### REQUIRED ACTION:
In full and word for word, copy the listing; no pictures belong in the copy.

STORED DATA Start Marker

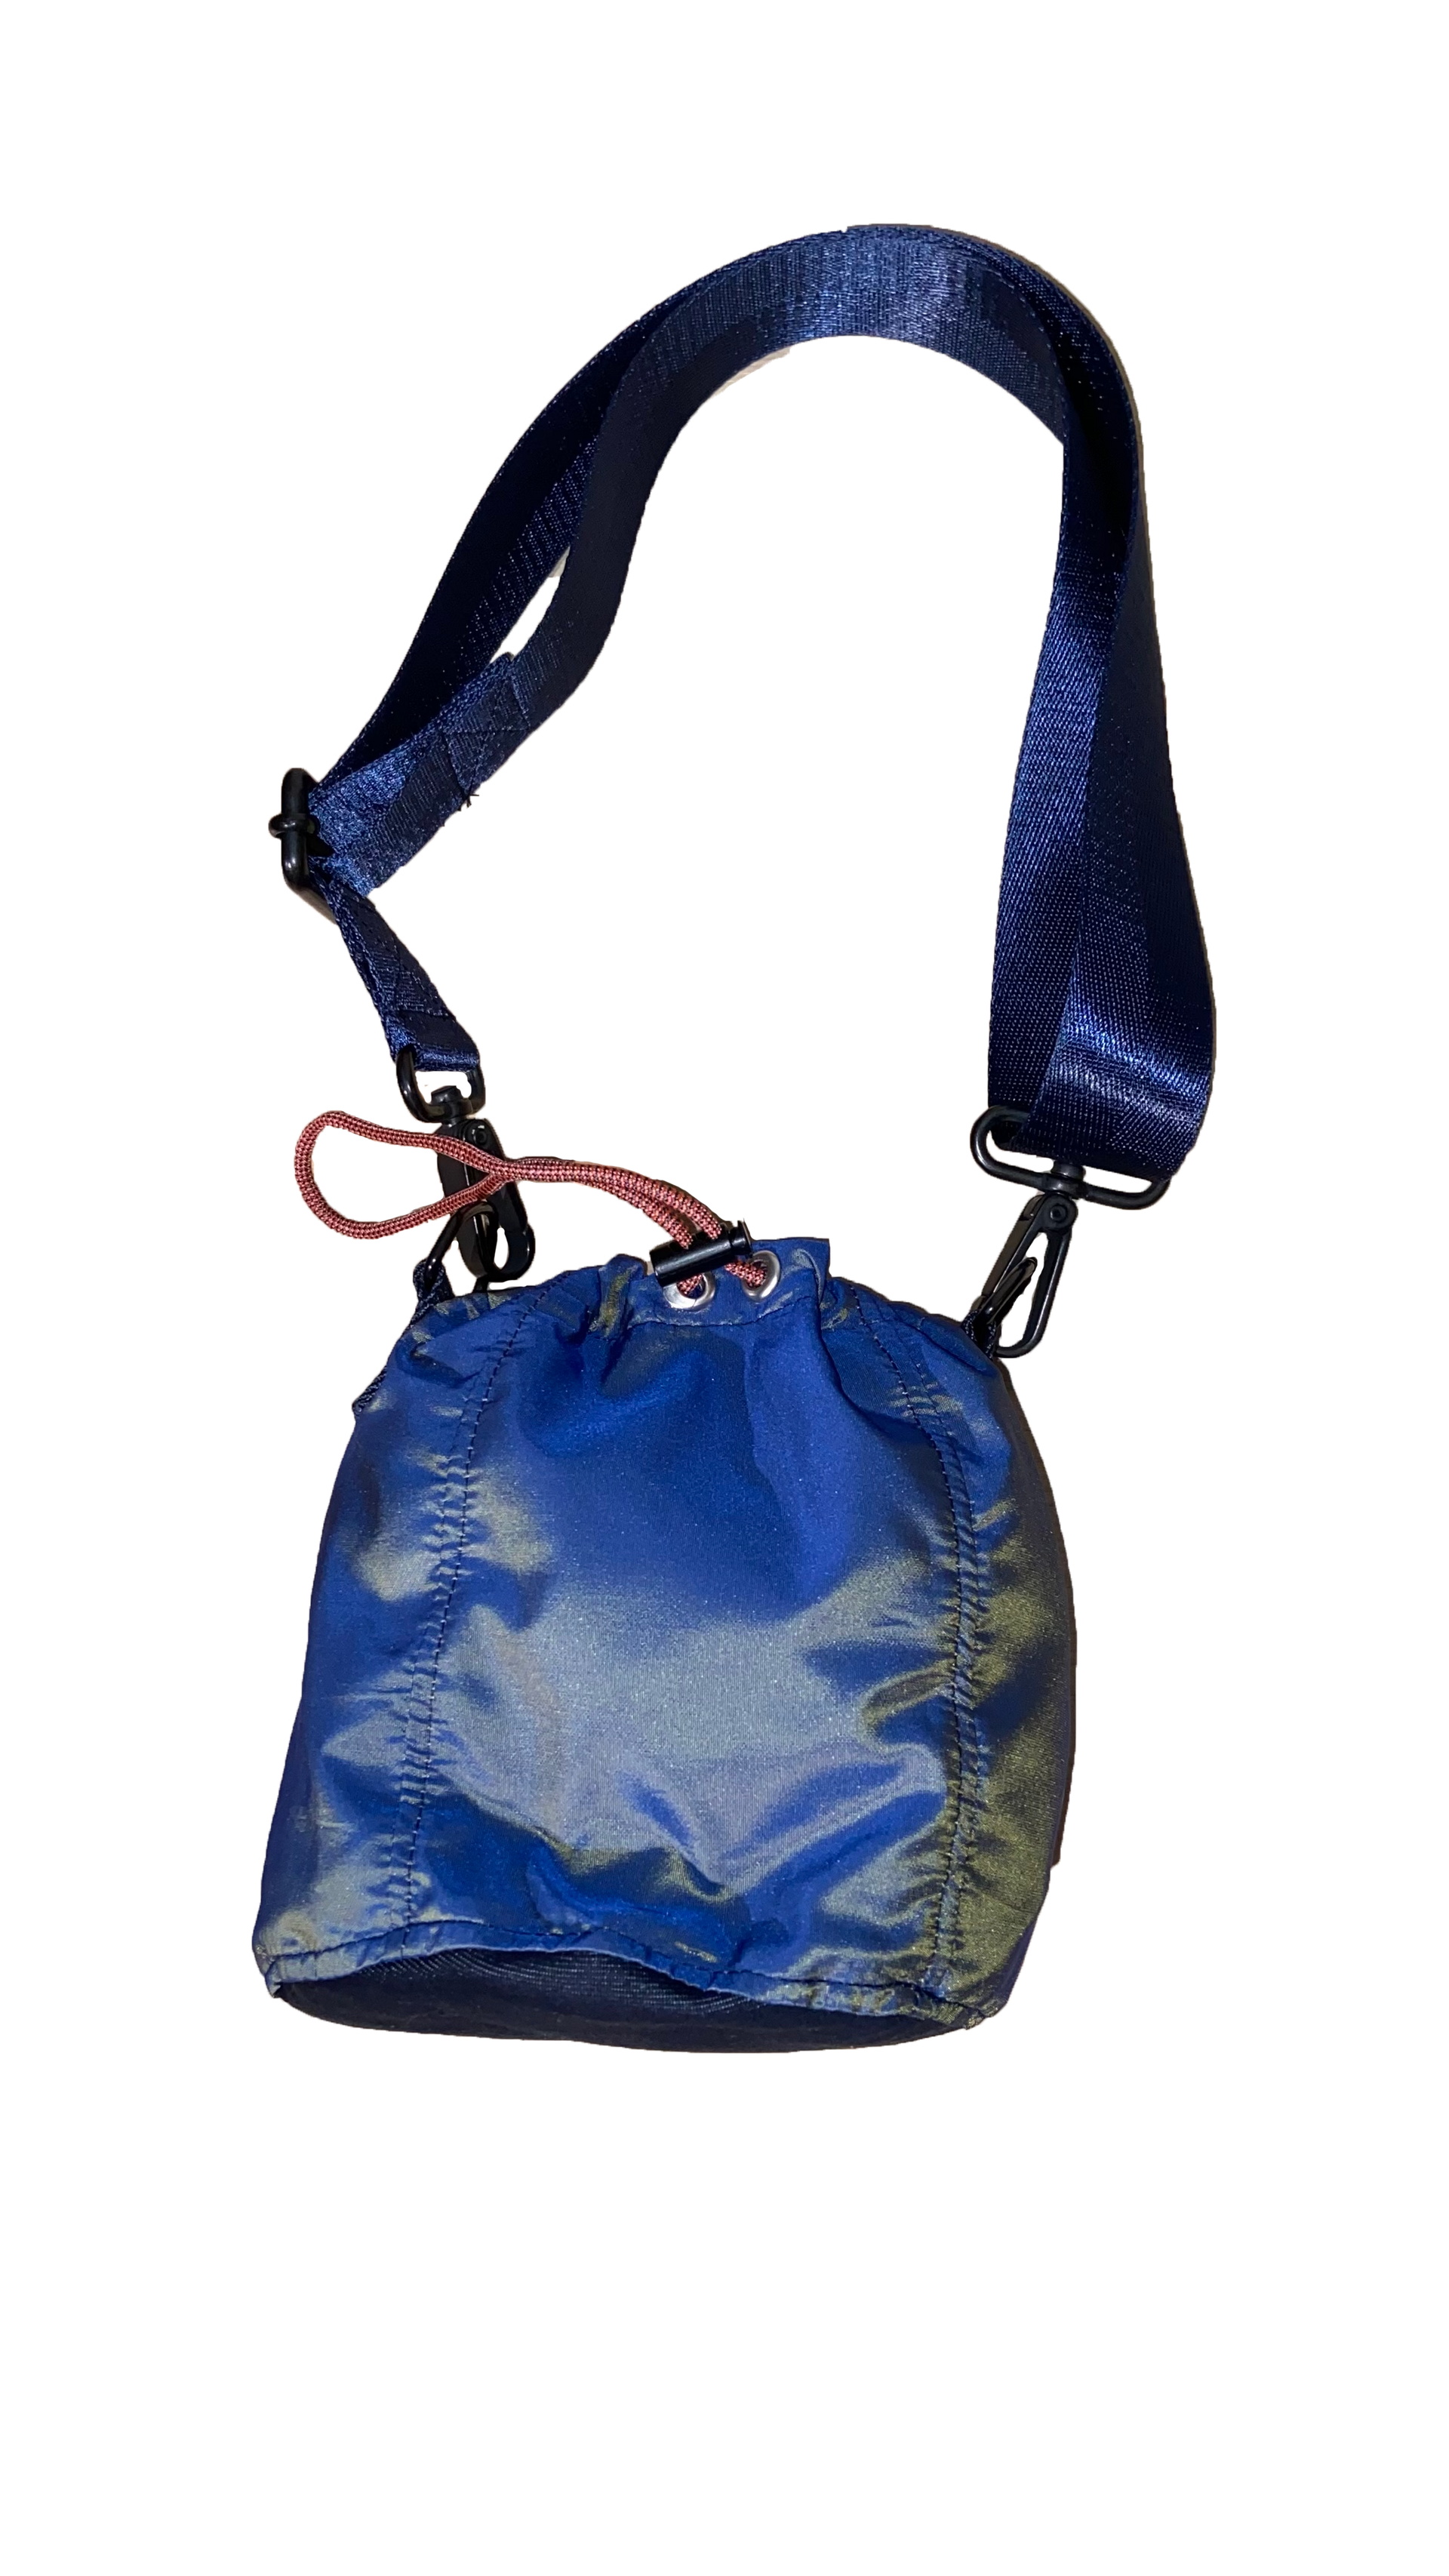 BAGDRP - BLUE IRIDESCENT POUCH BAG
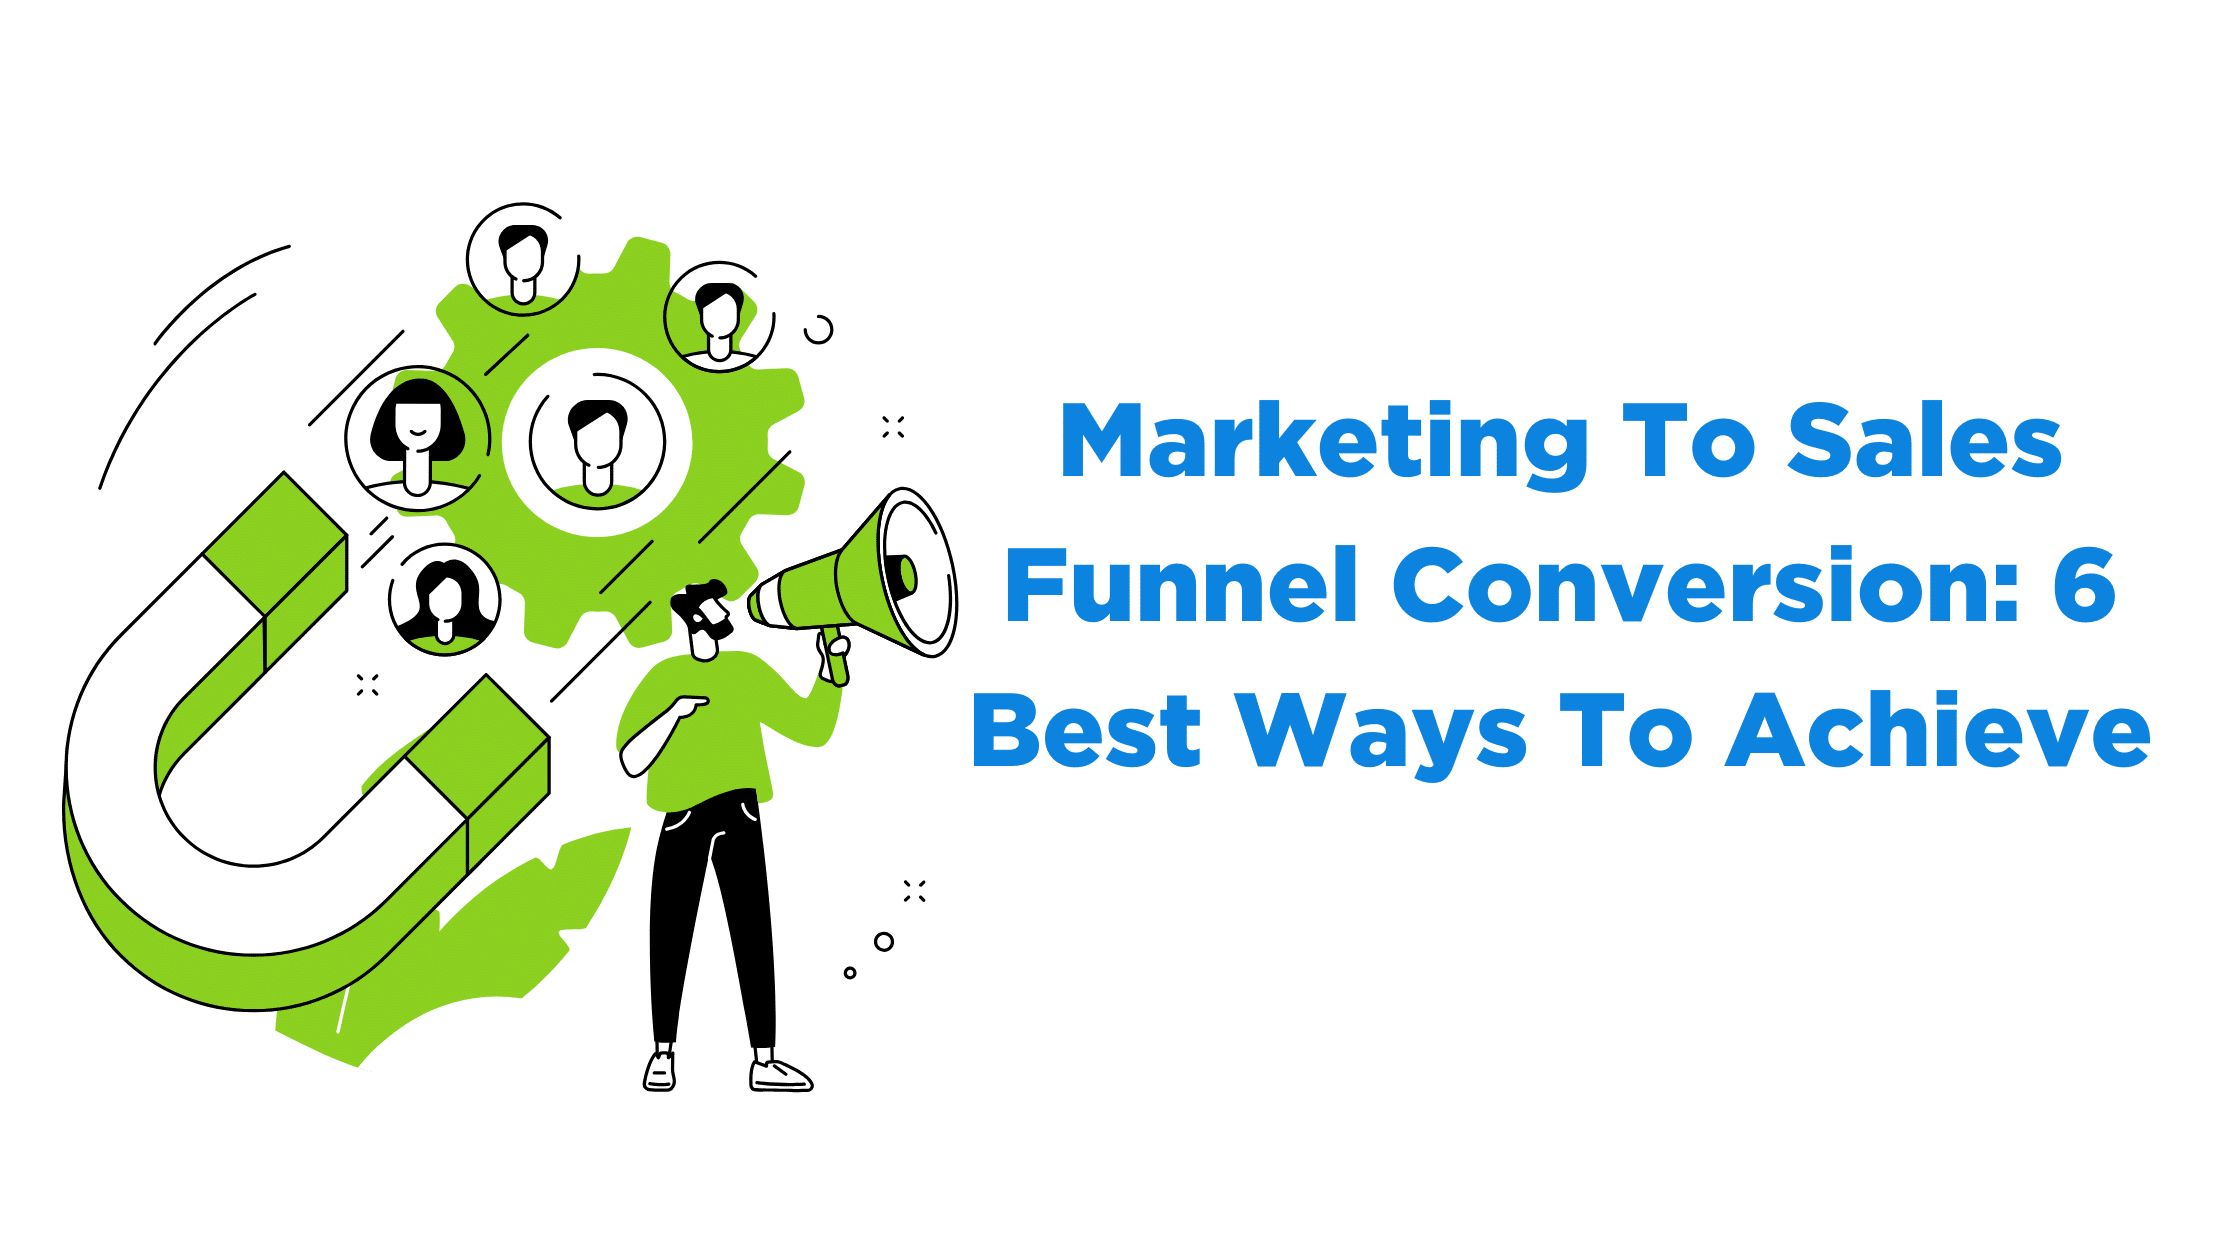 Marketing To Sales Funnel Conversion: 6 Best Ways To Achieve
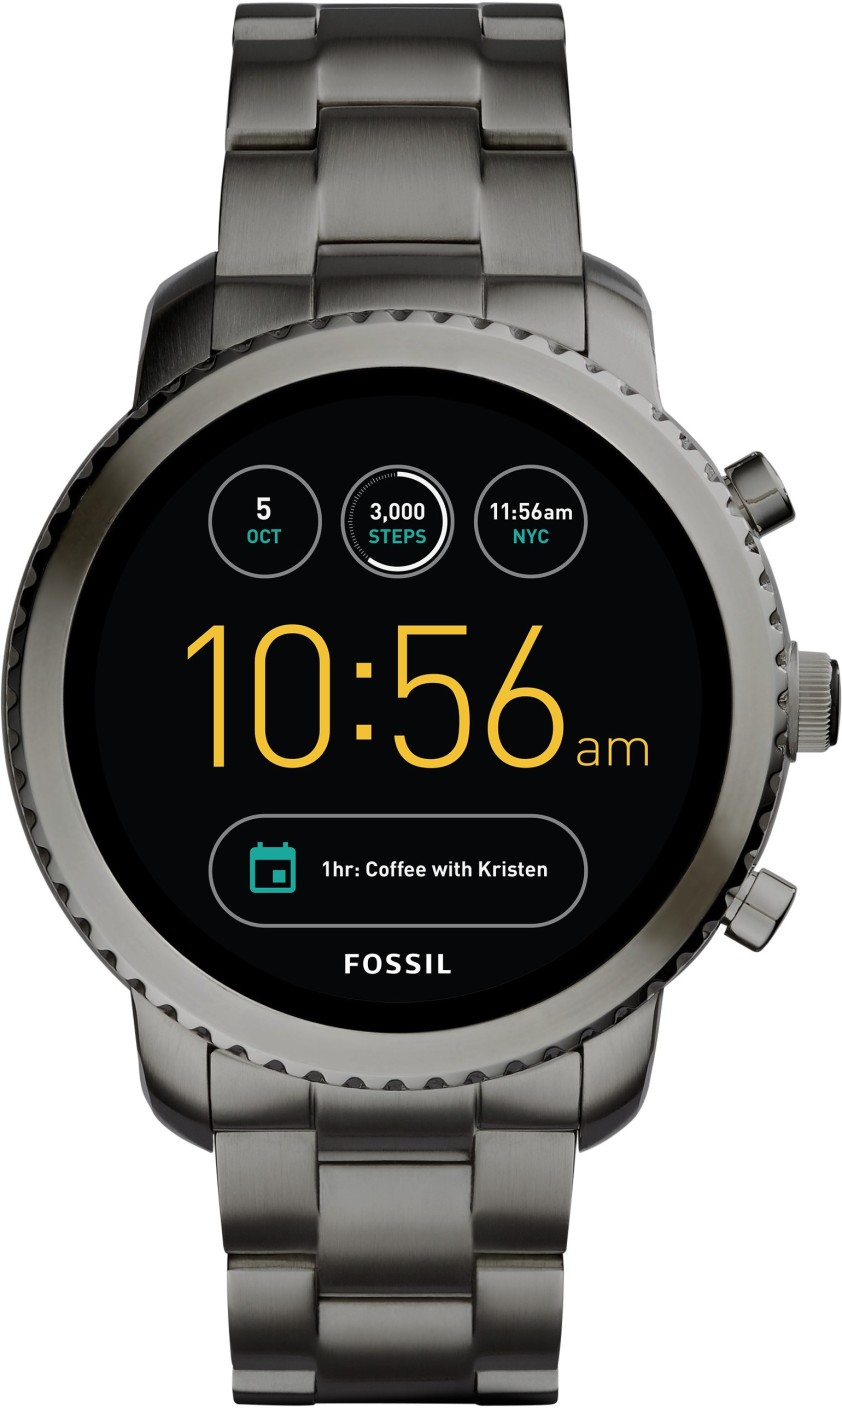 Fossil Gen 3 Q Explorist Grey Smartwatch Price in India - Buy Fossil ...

STORED DATA End Marker

### ANSWER BOX:
 BAGDRP - BLUE IRIDESCENT POUCH BAG
 Marketing To Sales Funnel Conversion: 6 Best Ways To Achieve
 Fossil Gen 3 Q Explorist Grey Smartwatch Price in India - Buy Fossil ...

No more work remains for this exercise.